The gap between S1 and ST for a given variable quantifies its interaction effects. If demand has S1 = 0.35 and ST = 0.42, it means demand contributes 35% of output variance on its own and an additional 7% through interactions with other variables. A variable with a high ST but low S1 is one you would completely miss with a tornado diagram — its importance comes entirely from how it combines with other inputs.

Visualization: From Static to Interactive

Matplotlib: The Publication Standard

Matplotlib, created by John D. Hunter and described in his 2007 paper in Computing in Science & Engineering as a 2D graphics package for application development, interactive scripting, and publication-quality image generation, remains the default for static, print-ready figures. For decision analysis, its strength is producing the kind of tightly controlled, camera-ready output that goes into board presentations and regulatory filings.

The tornado and Sobol' charts above use Matplotlib for exactly this reason. When the audience needs a PDF they can print and annotate, or a figure embedded in a LaTeX report, Matplotlib is the right tool. Its object-oriented API (fig, ax = plt.subplots()) gives you pixel-level control over every element.

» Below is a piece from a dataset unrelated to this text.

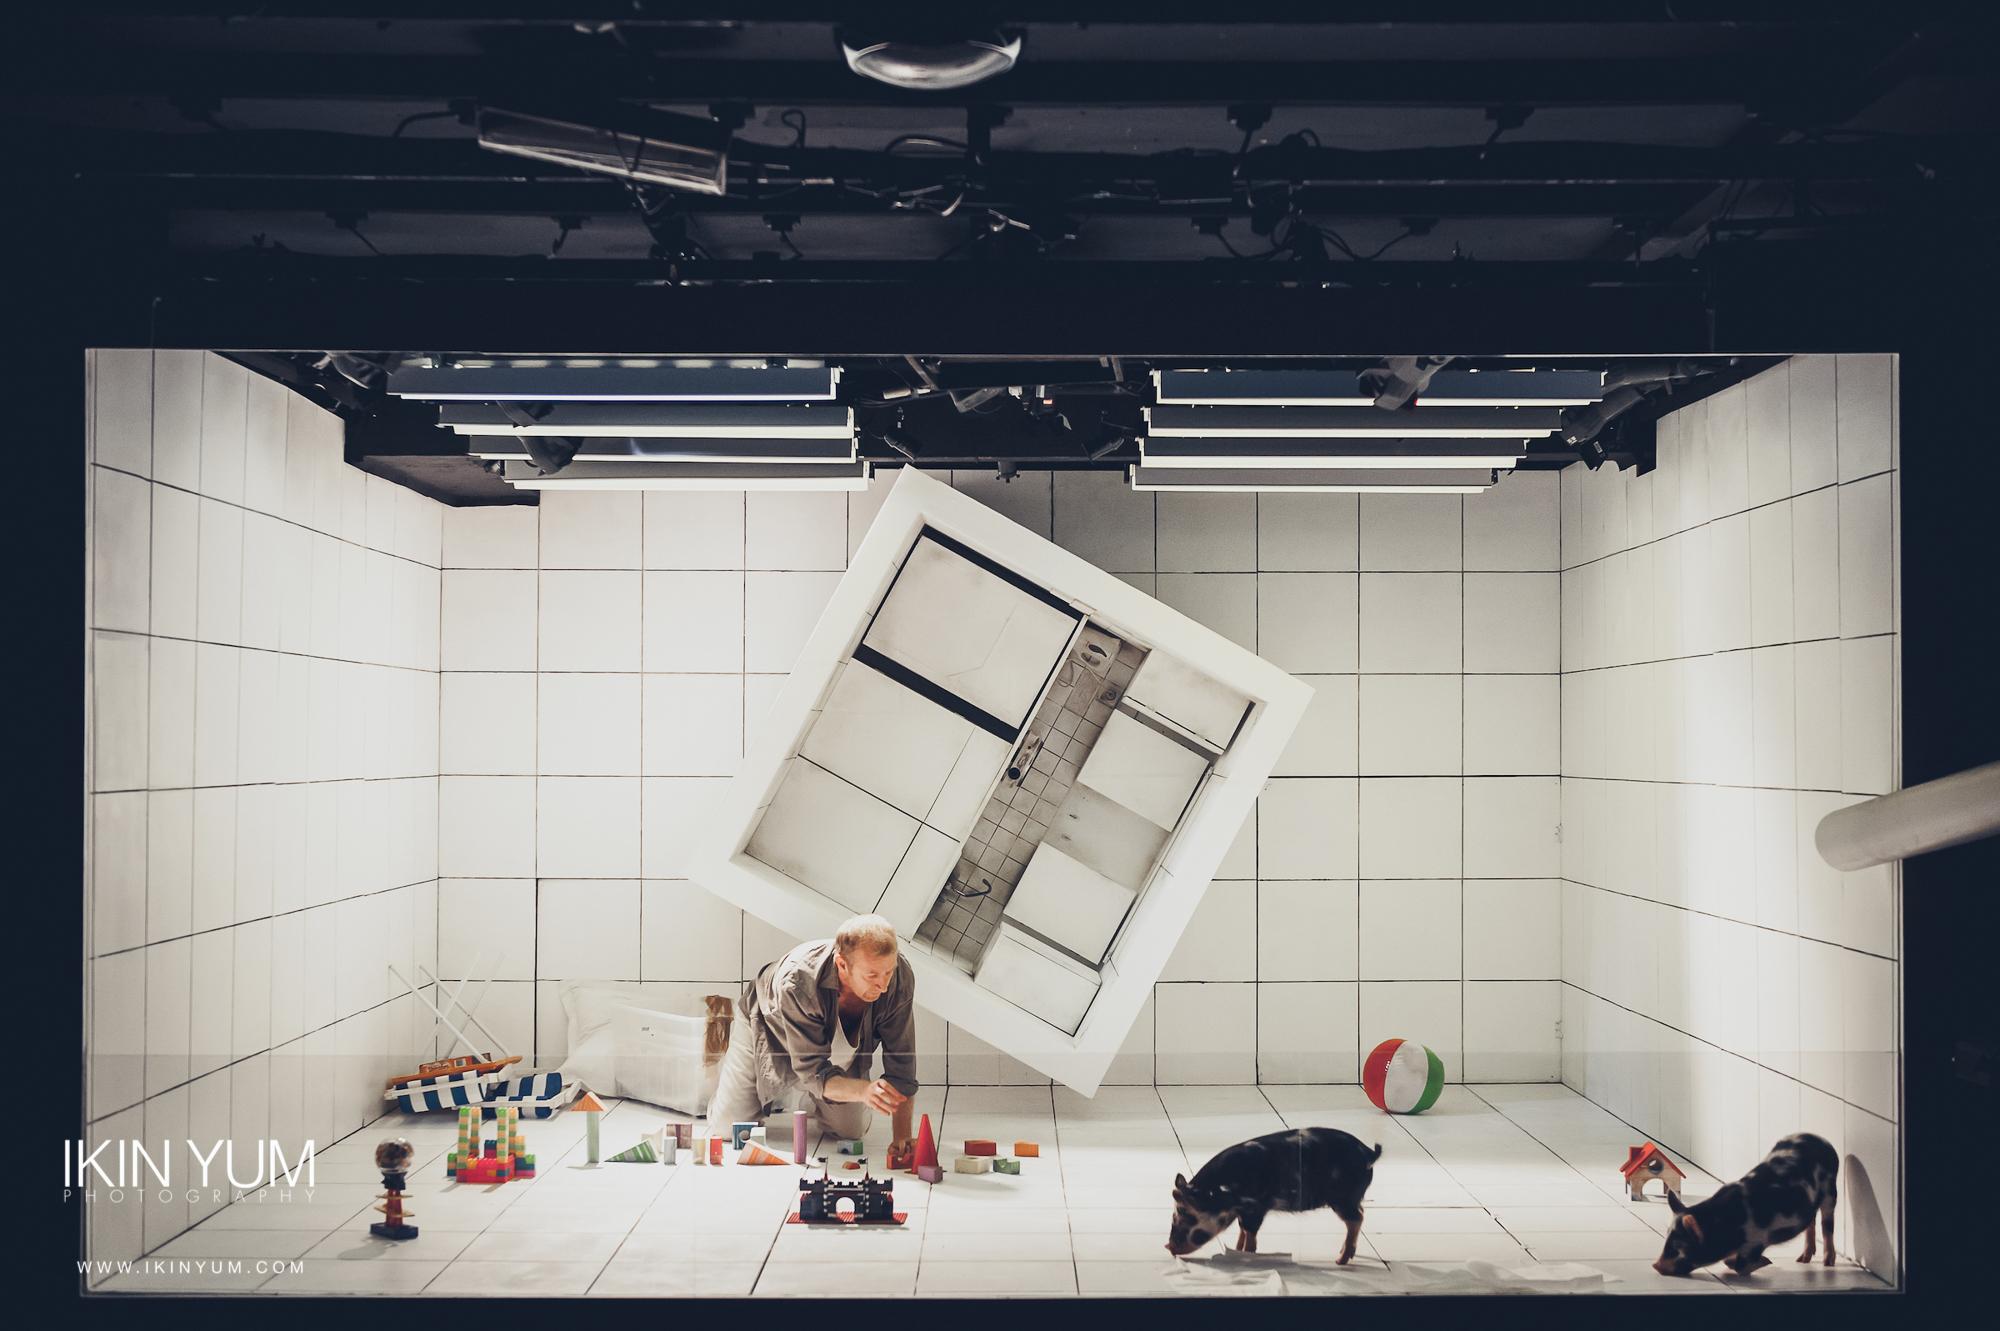 Goya - Gate theatre - Ikin Yum Photography-046.jpg

For Monte Carlo output distributions, a well-formatted Matplotlib histogram with annotated percentiles communicates the essential story:

import matplotlib.pyplot as plt
import matplotlib.ticker as mticker
import numpy as np

fig, ax = plt.subplots(figsize=(10, 6))

# npv is the array of 50,000 simulated NPV values from earlier
ax.hist(npv, bins=120, density=True, color='#42A5F5', alpha=0.7,
        edgecolor='white', linewidth=0.3)

# Annotate key percentiles
for pct, color, style in [(5, '#D32F2F', '--'), (50, '#333333', '-'),
                            (95, '#388E3C', '--')]:
    value = np.percentile(npv, pct)
    ax.axvline(value, color=color, linewidth=1.8, linestyle=style)
    ax.text(value, ax.get_ylim()[1] * 0.92,
            f'  P{pct}: ${value/1e6:.2f}M',
            color=color, fontsize=9, fontweight='bold')

# Shade the loss region
loss_mask = npv[npv < 0]
if len(loss_mask) > 0:
    ax.hist(loss_mask, bins=60, density=True, color='#EF5350', alpha=0.5,
            edgecolor='none')
    ax.text(np.mean(loss_mask), ax.get_ylim()[1] * 0.5,
            f'P(Loss) = {np.mean(npv < 0):.1%}',
            color='#C62828', fontsize=11, fontweight='bold',
            ha='center', bbox=dict(boxstyle='round,pad=0.3',
            facecolor='white', alpha=0.8))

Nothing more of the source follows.